You may want to read Nicolas Taleb. If only because he is himself trained in mathematics and statistics, but has a very skeptical attitude towards statistical and mathematical models of investing. Among the flaws he sees in mathematical theories of investing is what he calls the ludic fallacy: that the real world can be well modeled by simple mathematical games. An example of which is

One example given in the book is the following thought experiment. Two people are involved:

Dr. John who is regarded as a man of science and logical thinking

Fat Tony who is regarded as a man who lives by his wits

A third party asks them to "assume that a coin is fair, i.e., has an equal probability of coming up heads or tails when flipped. I flip it ninety-nine times and get heads each time. What are the odds of my getting tails on my next throw?"

Dr. John says that the odds are not affected by the previous outcomes so the odds must still be 50:50.

Fat Tony says that the odds of the coin coming up heads 99 times in a row are so low that the initial assumption that the coin had a 50:50 chance of coming up heads is most likely incorrect. "The coin gotta be loaded. It can't be a fair game."
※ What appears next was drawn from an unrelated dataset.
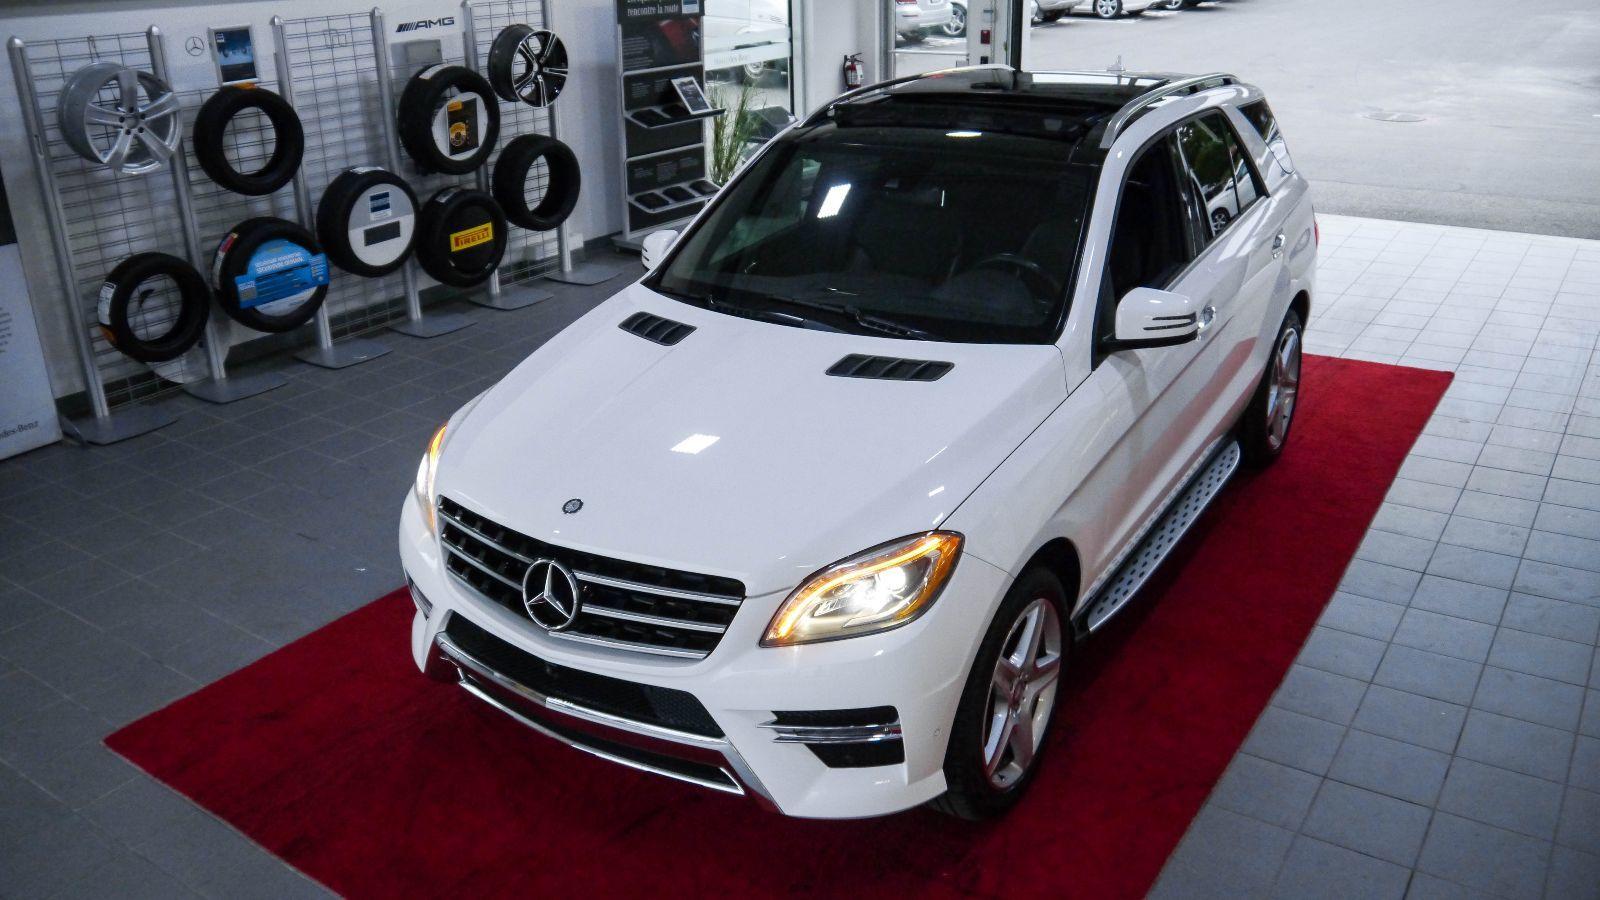 Mercedes benz de sherbrooke mercedes benz m class 2015 for 2015 mercedes benz m class

The ludic fallacy here is to assume that in real life the rules from the purely hypothetical model (where Dr. John is correct) apply. Would a reasonable person bet on black on a roulette table that has come up red 99 times in a row (especially as the reward for a correct guess is so low when compared with the probable odds that the game is fixed)?

Wikipedia: Ludic fallacy

Taleb is a controversial figure and rather given to invective and ad hominem, but serious economists and statisticians have engaged with his criticisms, even when they disagree with them.

Taleb has written several popular books and numerous academic papers, all listed on his web site.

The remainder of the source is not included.